The daughter of New York merchant and friend of George Washington, James Boggs, Mary Rebecca Boggs married New York merchant Richard Ray in 1832 but was widowed in Paris in 1836. In these four brief years of marriage she two children but only her second daughter also called Mary but known affectionately as 'Birdie' born in 1835 survived. Mother and daughter travelled in Europe in the years after the death of Richard Ray and before settling permanently in Paris when 'Birdie' married Arthur Constant du Bois, Viscounte de Courval in 1856.

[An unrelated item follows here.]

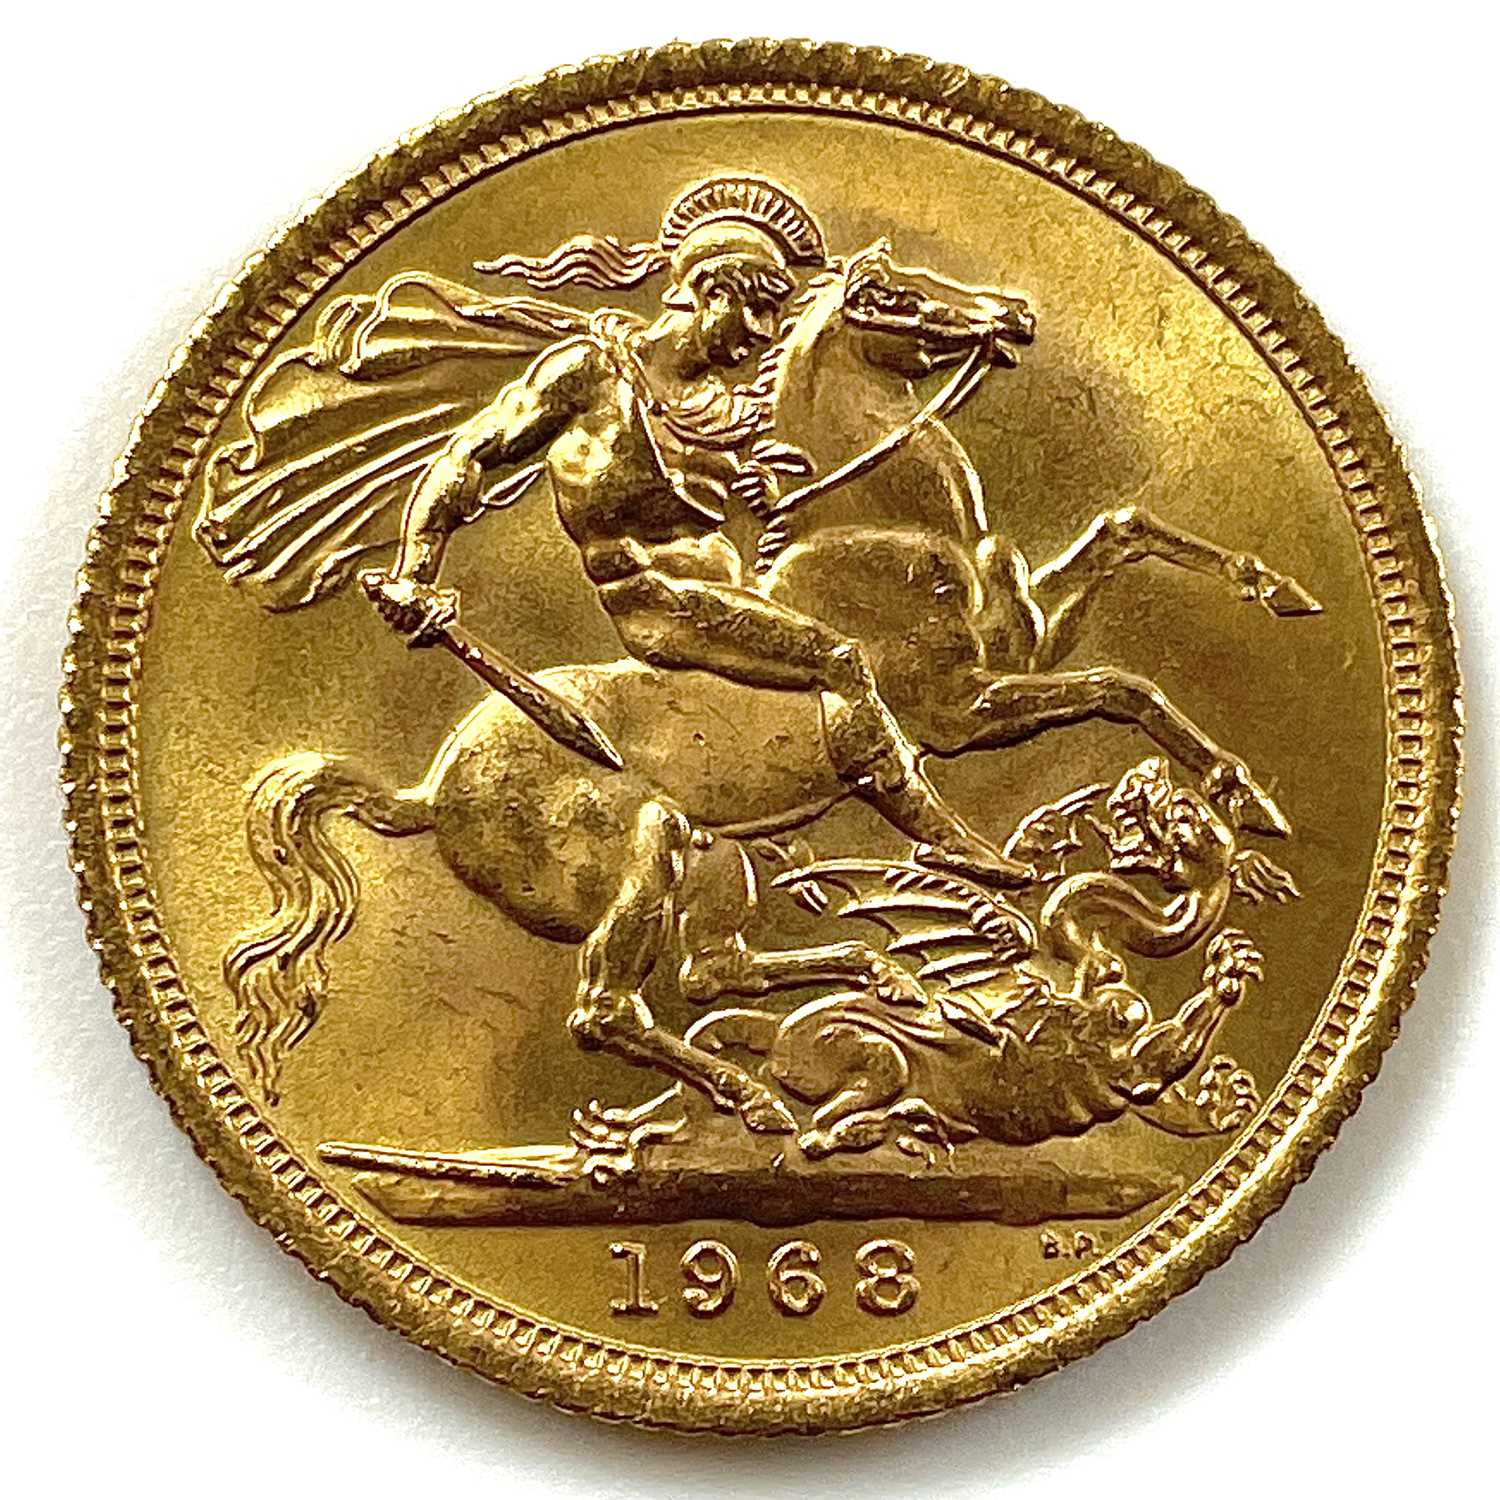 Lot 82 - A 1968 full sovereign coin.

In the summer of 1852, whilst visiting Florence, Mary Rebecca Boggs Ray made an appointment at the studio of the celebrated and renowned American sculptor Hiram Powers for a sitting for herself and her daughter which took place between the 8th and the 18th April 1853.

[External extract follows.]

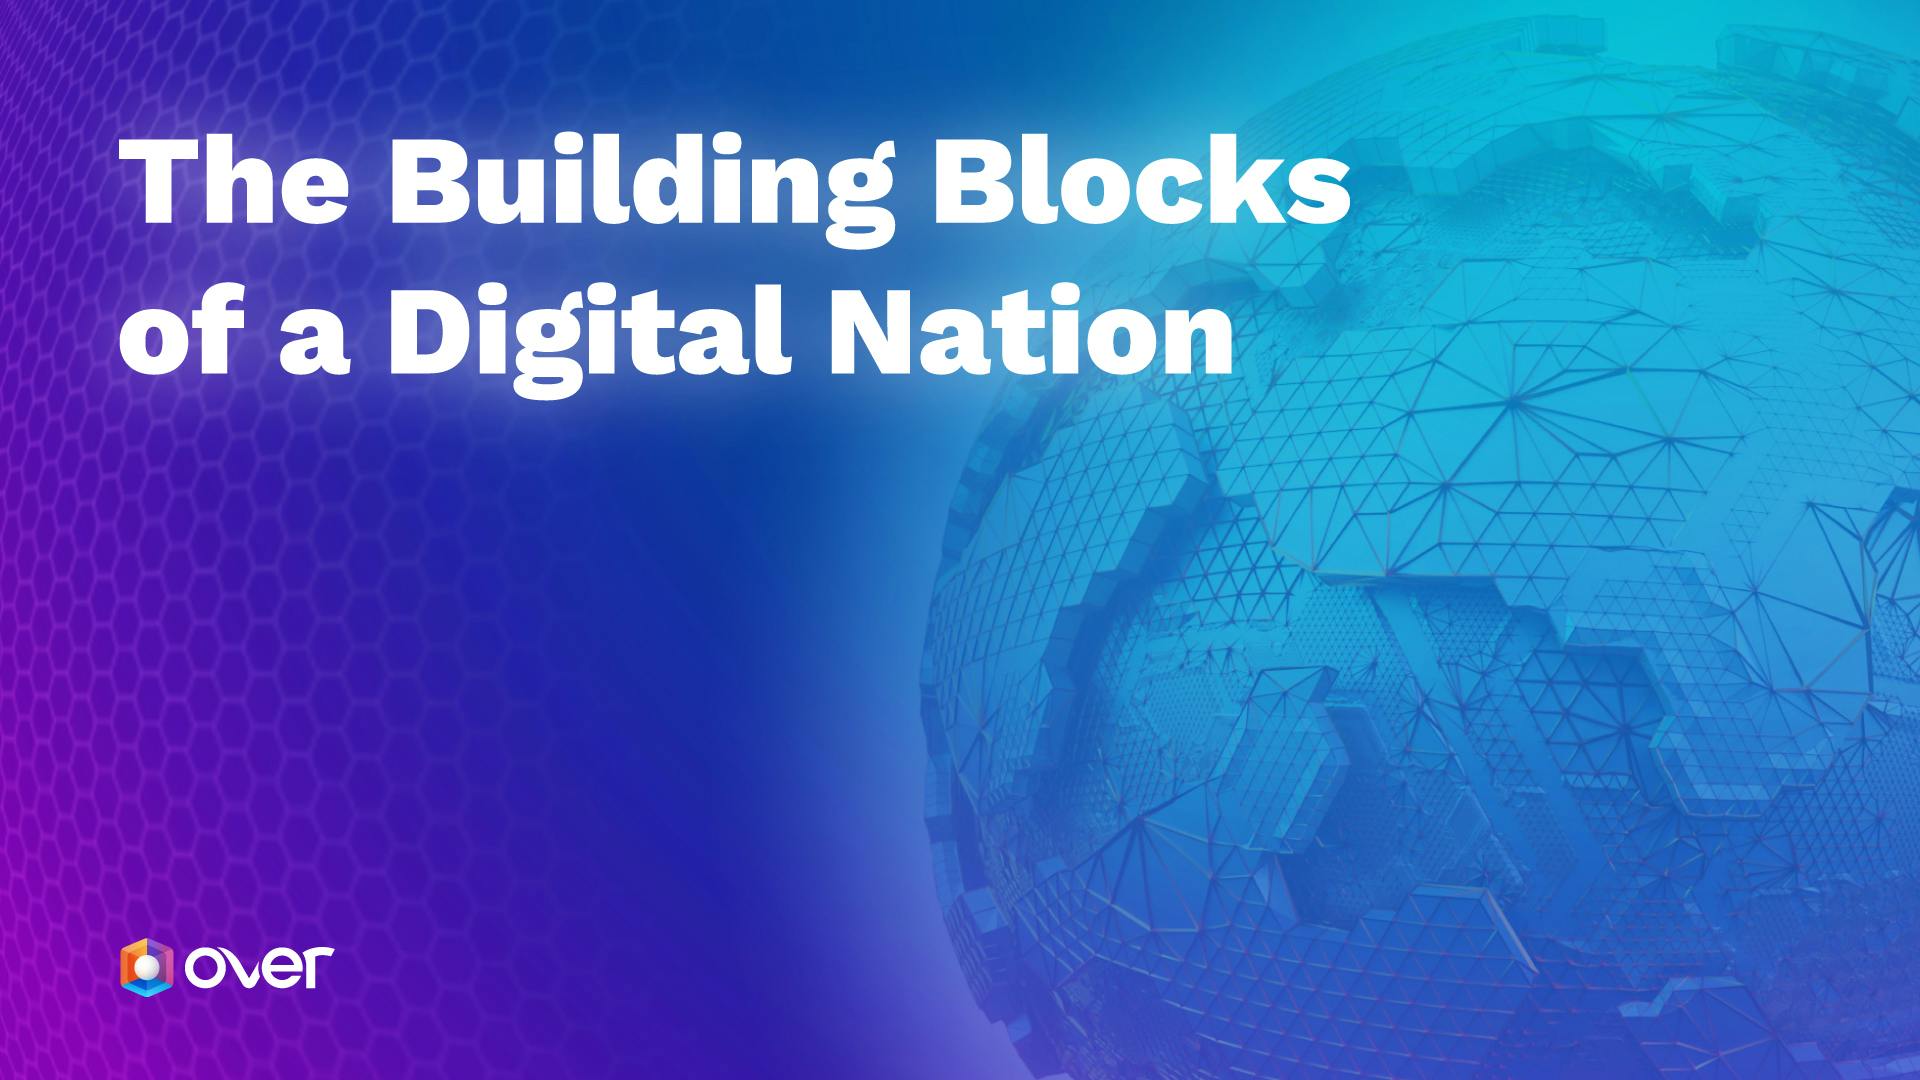 The Building Blocks of a Digital Nation

The two likenesses were cut in the Powers studio in Florence by his master carver Antonio Ambuchi in 1853 and were due to be shipped to New York in 1854 but various problems resulted in the delay of the shipping of the consignment via the 'SS Peter' from Florence to New York until January 1856 and they were finally received in the summer of 1856.
Various correspondence between Powers and Mary Rebecca Lloyd Boggs Ray regarding the appointments for the sitting and the commission including the delay and confirmation that the busts had been received between 1853 and 1857 reveal that Powers was also commissioned to produce further plaster casts of each portrait bust as gifts for family members. However is not known if these commissions were ever realised.

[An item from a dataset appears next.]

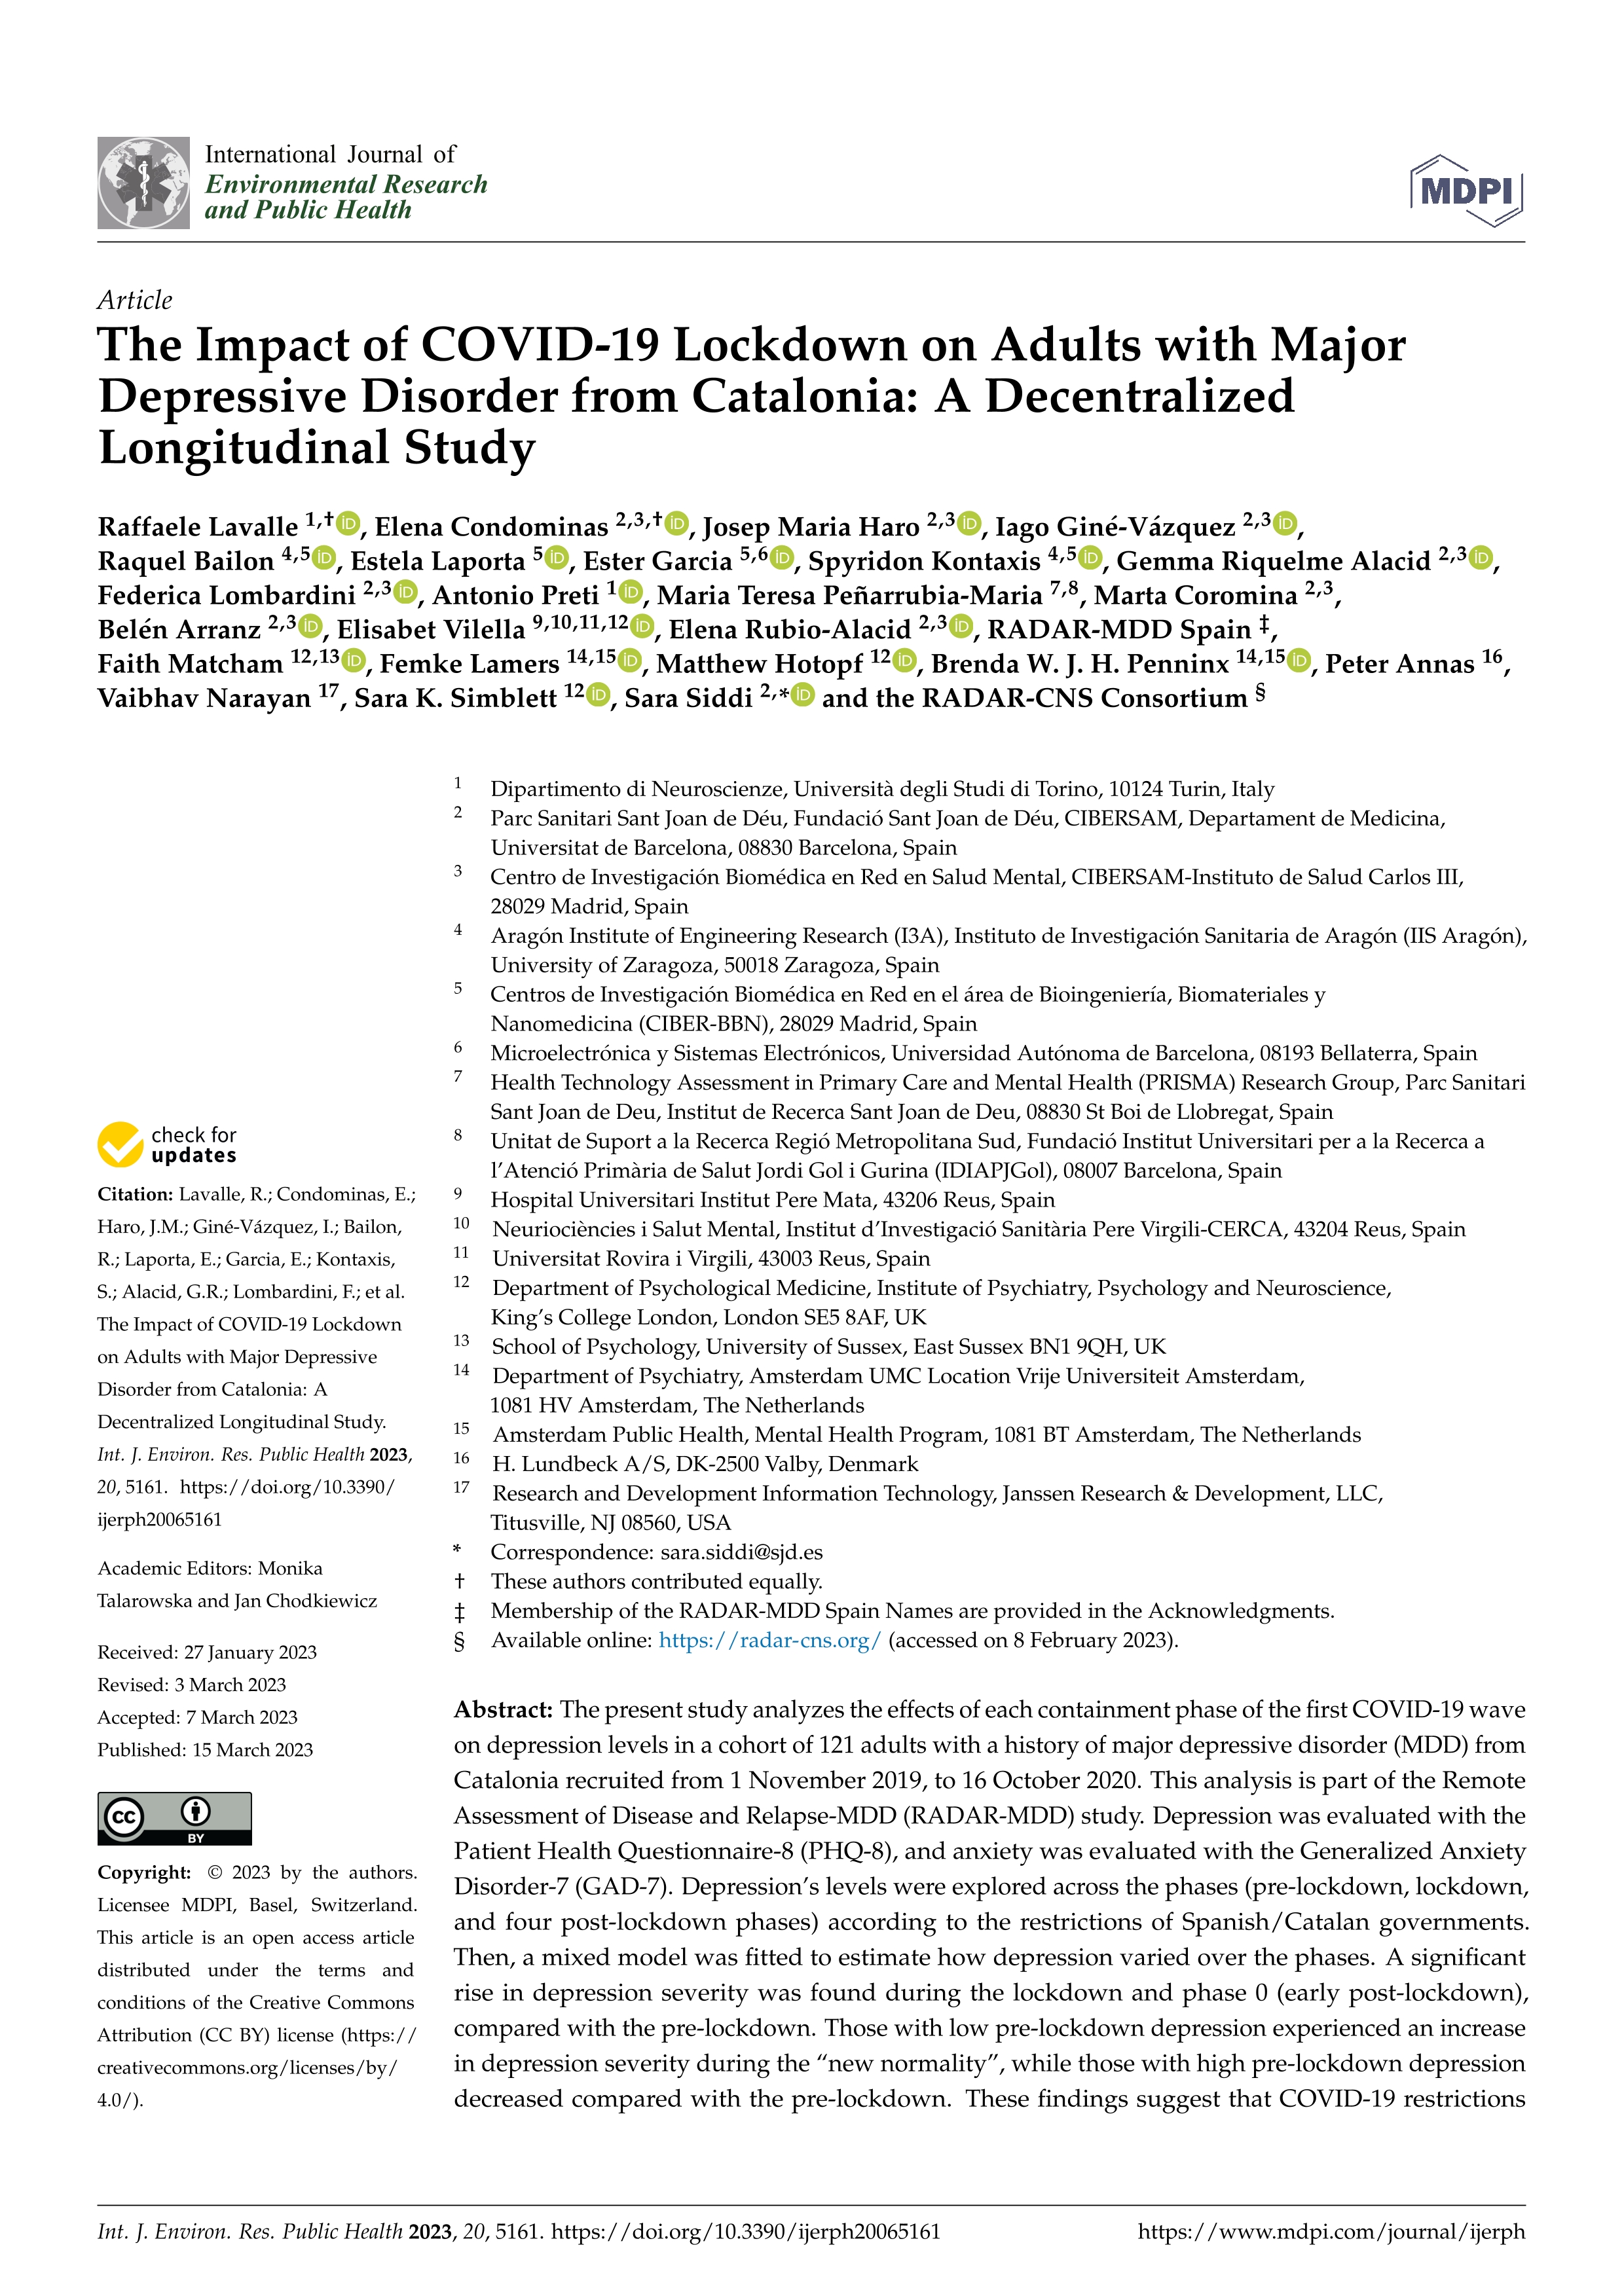 The impact of COVID-19 lockdown on adults with major depressive disorder from Catalonia: a decentralized longitudinal study

Both busts passed by family descent from mother and daughter to Madeleine Marie Isabelle Dubois de Courval (1870-1944), granddaughter of the sitter for the offered lot, after she married Napoléon Eugène Emmanuel Joseph Marie 'François' de Noailles de Mouchy de Poix formerly Noailles (1866-1900), known as 'The Prince of Poix' and son of Antoine, Duc de Mouchy and Anna, Princess Murat (granddaughter of the King of Naples). However the bust was not recorded in the collection of the Château de Mouchy until the 1940's as the estate most likely passed to his son Henry, whose father 'François' had died in 1900, nine years before his grandfather. As such the widowed Madeleine de Courval, Princess of Poix, never settled permanently in Mouchy, instead living in a mansion at the bottom of the Place des Etats Unis and at the Villa Courval in Trouville so it is likely the bust arrived in Mouchy after passing to her son in 1944.
Related Literature
R. P. Wunder, Hiram Powers Vermont Sculptor, 1805 -1873, Newark, Delaware, 1990, p. 32 (bust of Mary 'Birdie', Viscountess de Courval, née Ray), p. 88 (bust of Mary Rebecca Boggs Ray), also p. 217 (hand of of Mary 'Birdie', Viscountess de Courval née Ray).